Exercise data:
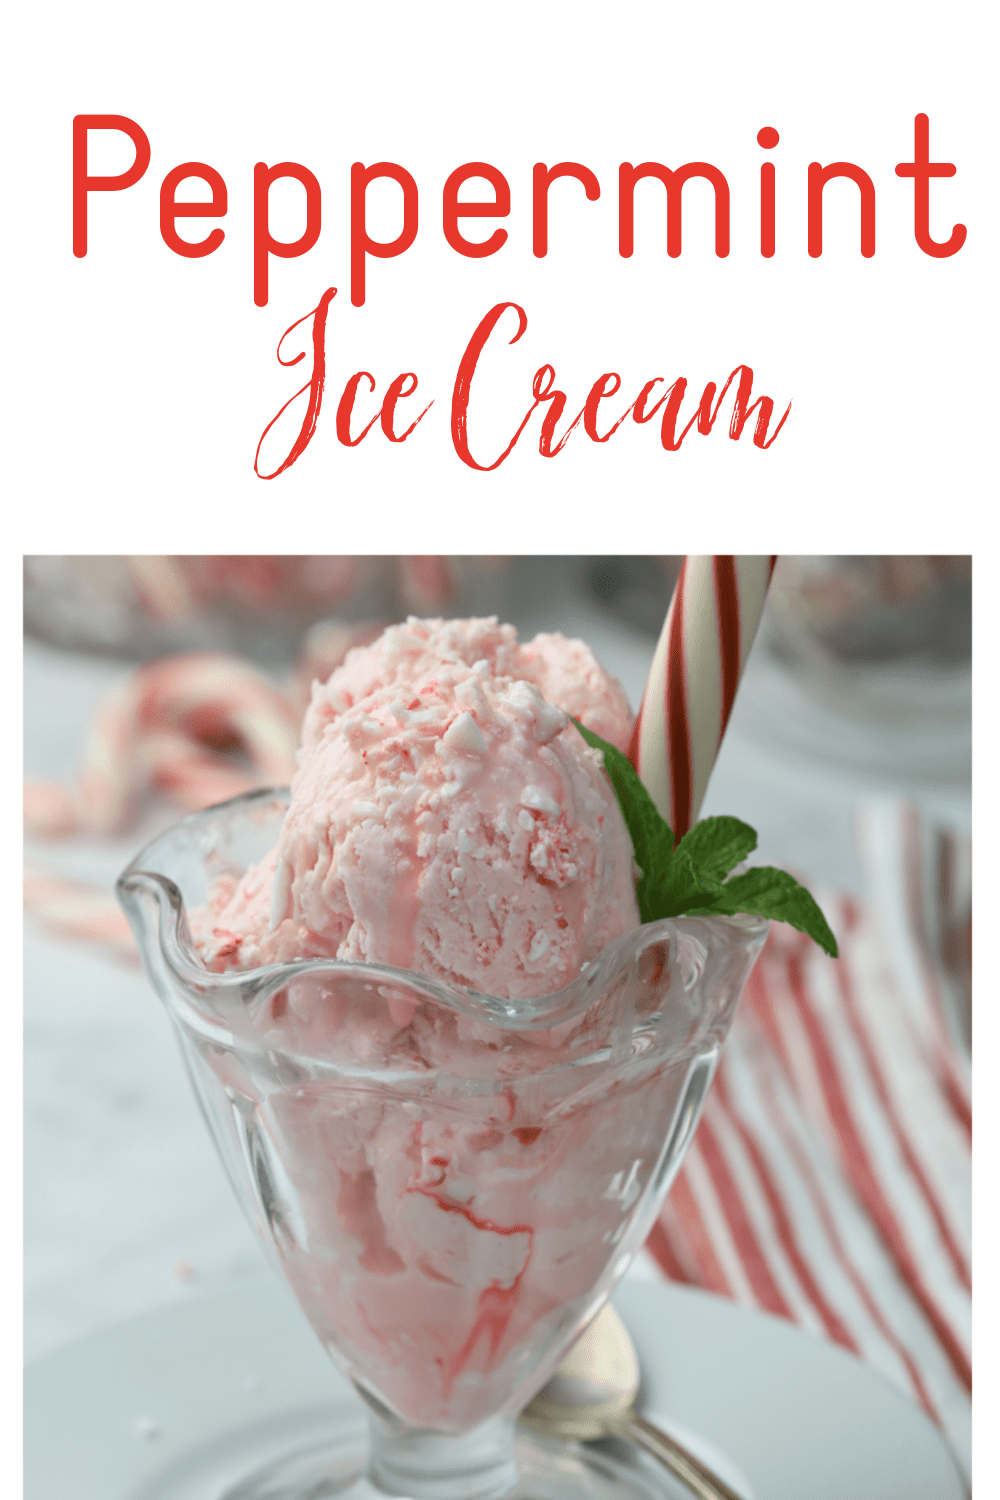 This super easy peppermint ice cream using sweetened condensed milk and crushed peppermint candies is perfect for the holidays.
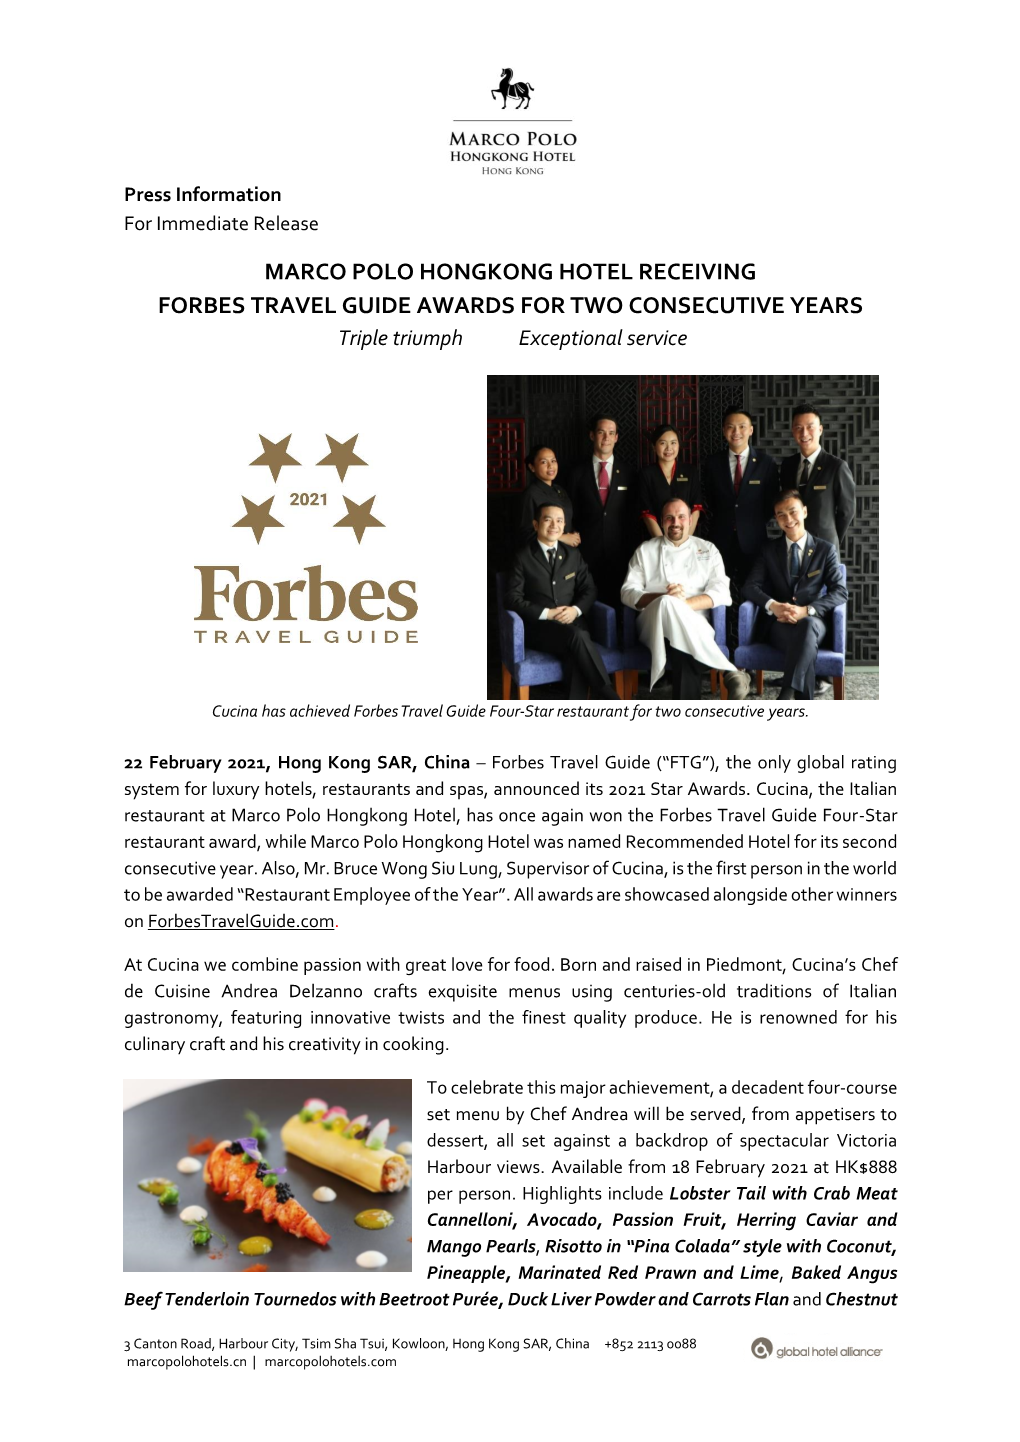 MARCO POLO HONGKONG HOTEL RECEIVING FORBES TRAVEL GUIDE AWARDS for TWO CONSECUTIVE YEARS Triple Triumph Exceptional Service
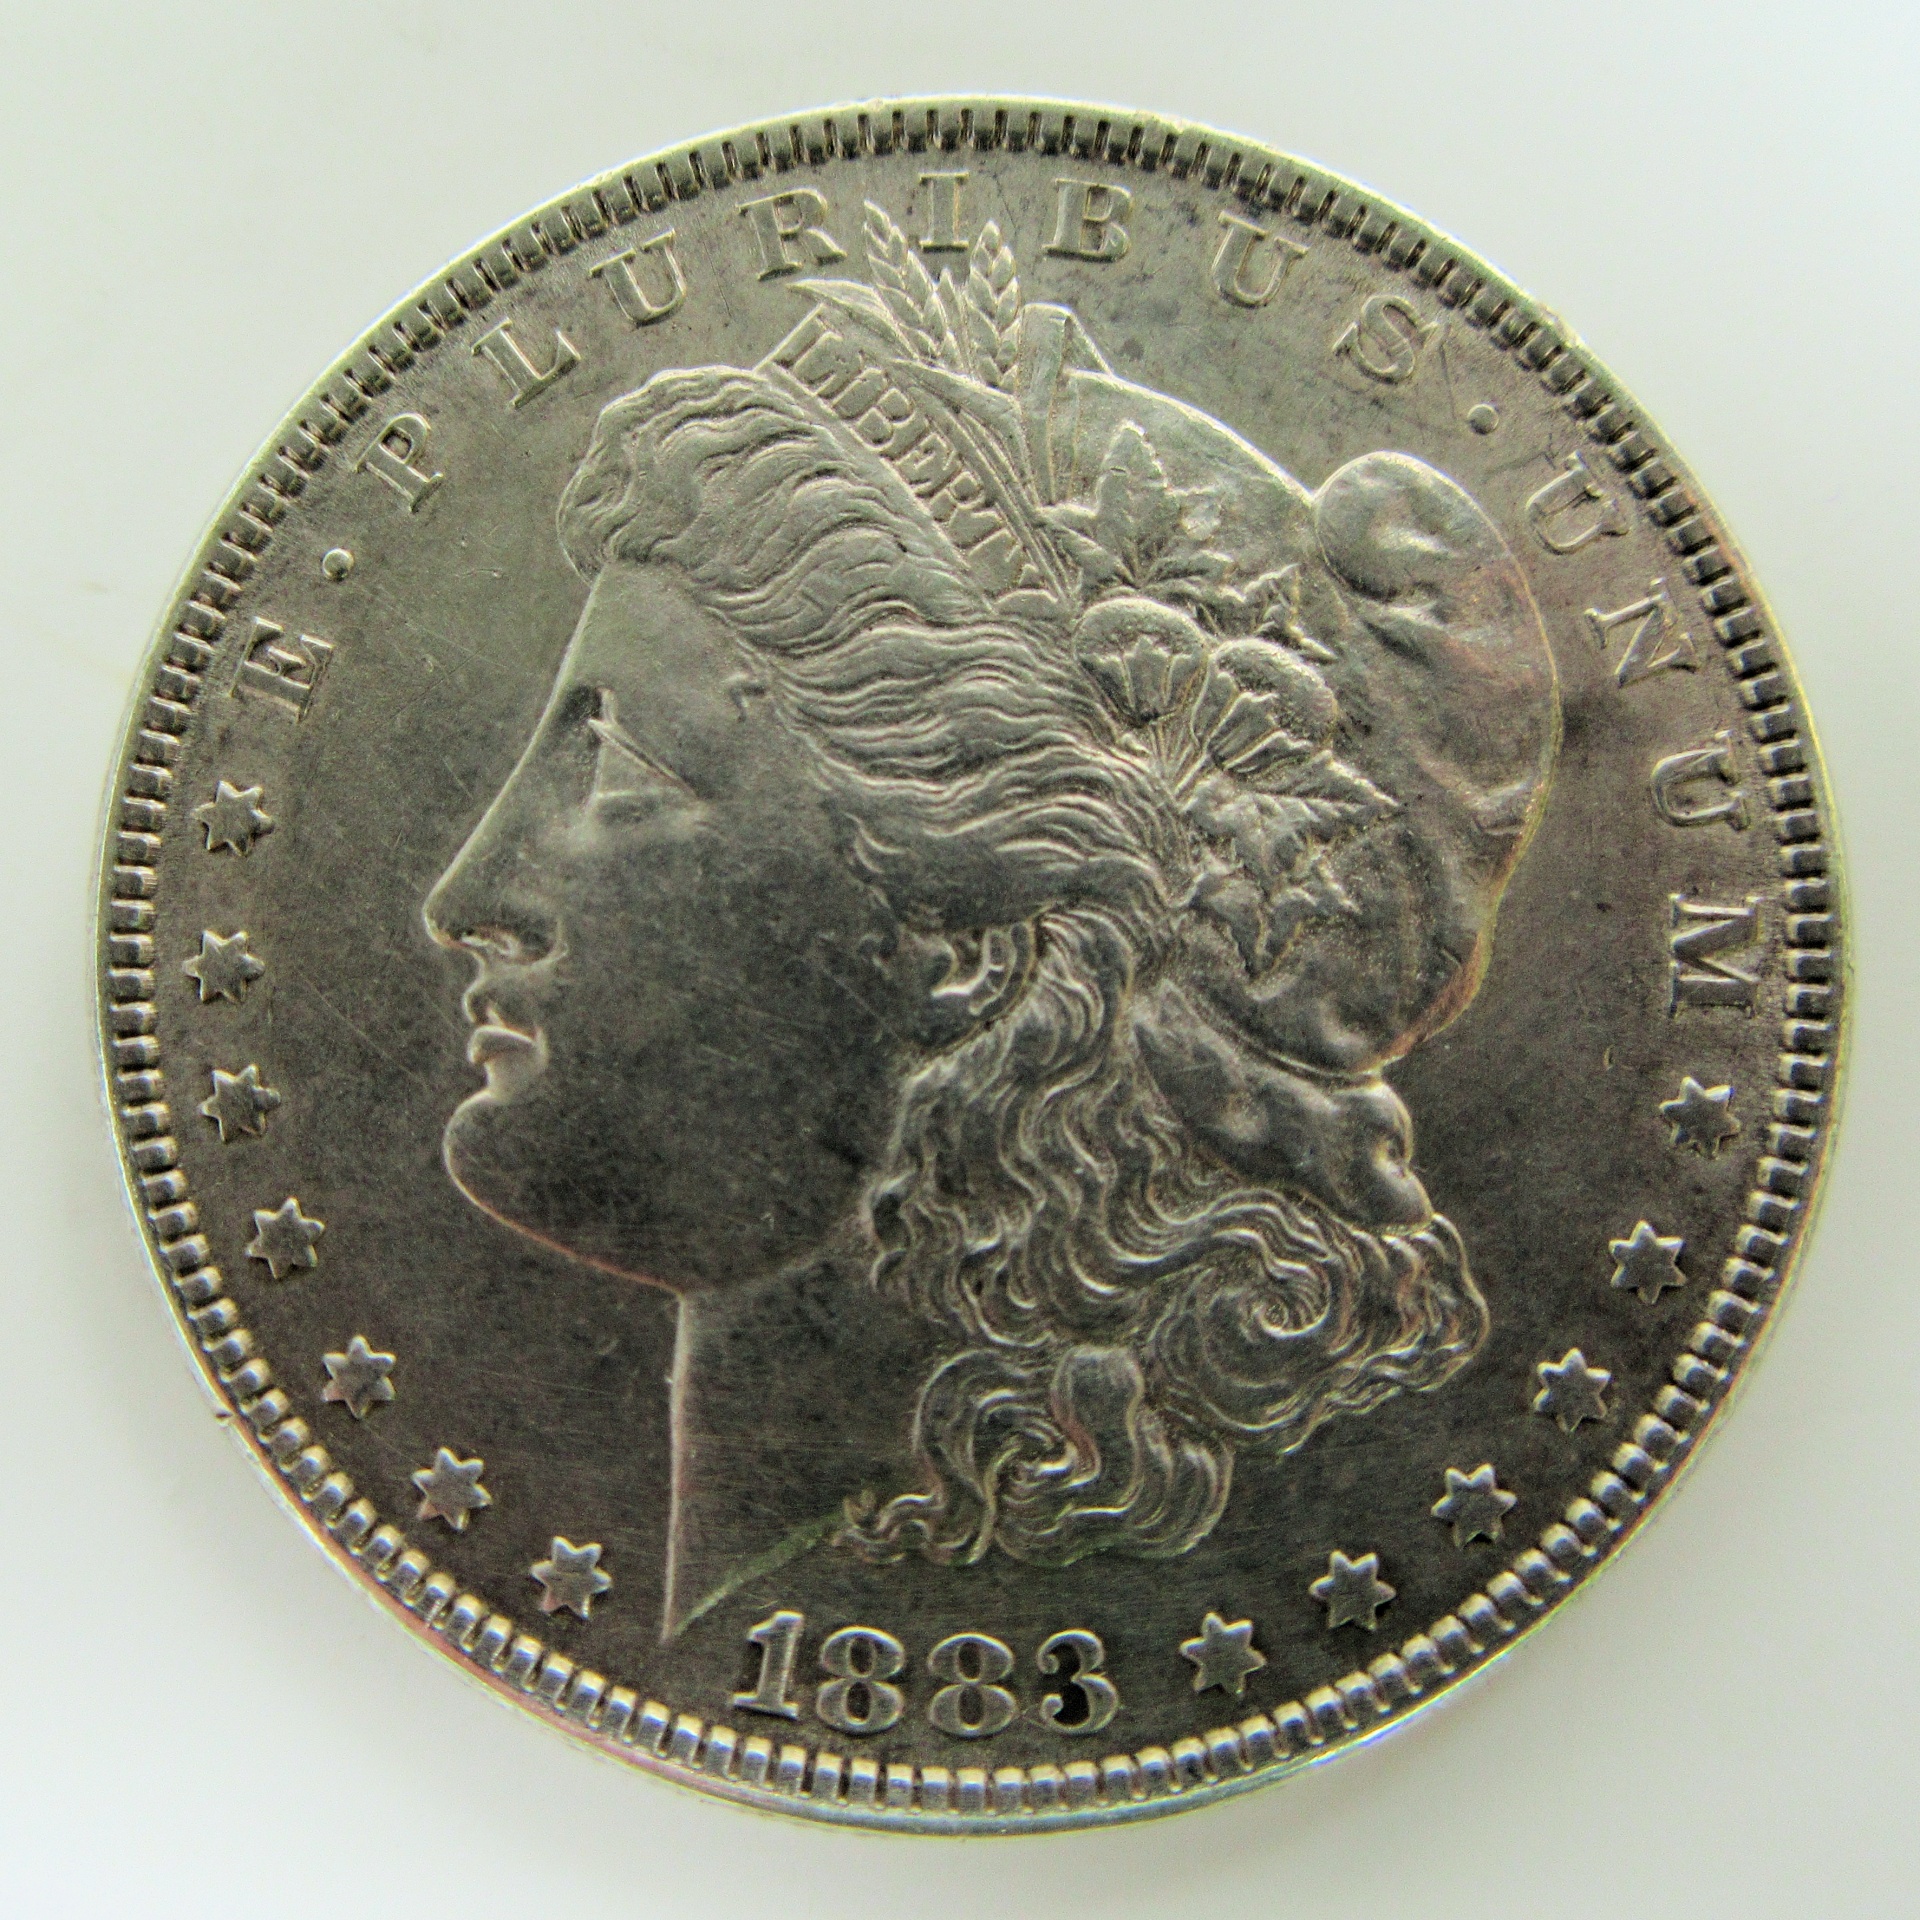 1883 morgan dollar isolated on white background obverse

Work instruction: Copy out nothing but text: transcribe the listing exactly and skip each picture.

Finished task:
 This super easy peppermint ice cream using sweetened condensed milk and crushed peppermint candies is perfect for the holidays.
 MARCO POLO HONGKONG HOTEL RECEIVING FORBES TRAVEL GUIDE AWARDS for TWO CONSECUTIVE YEARS Triple Triumph Exceptional Service
 1883 morgan dollar isolated on white background obverse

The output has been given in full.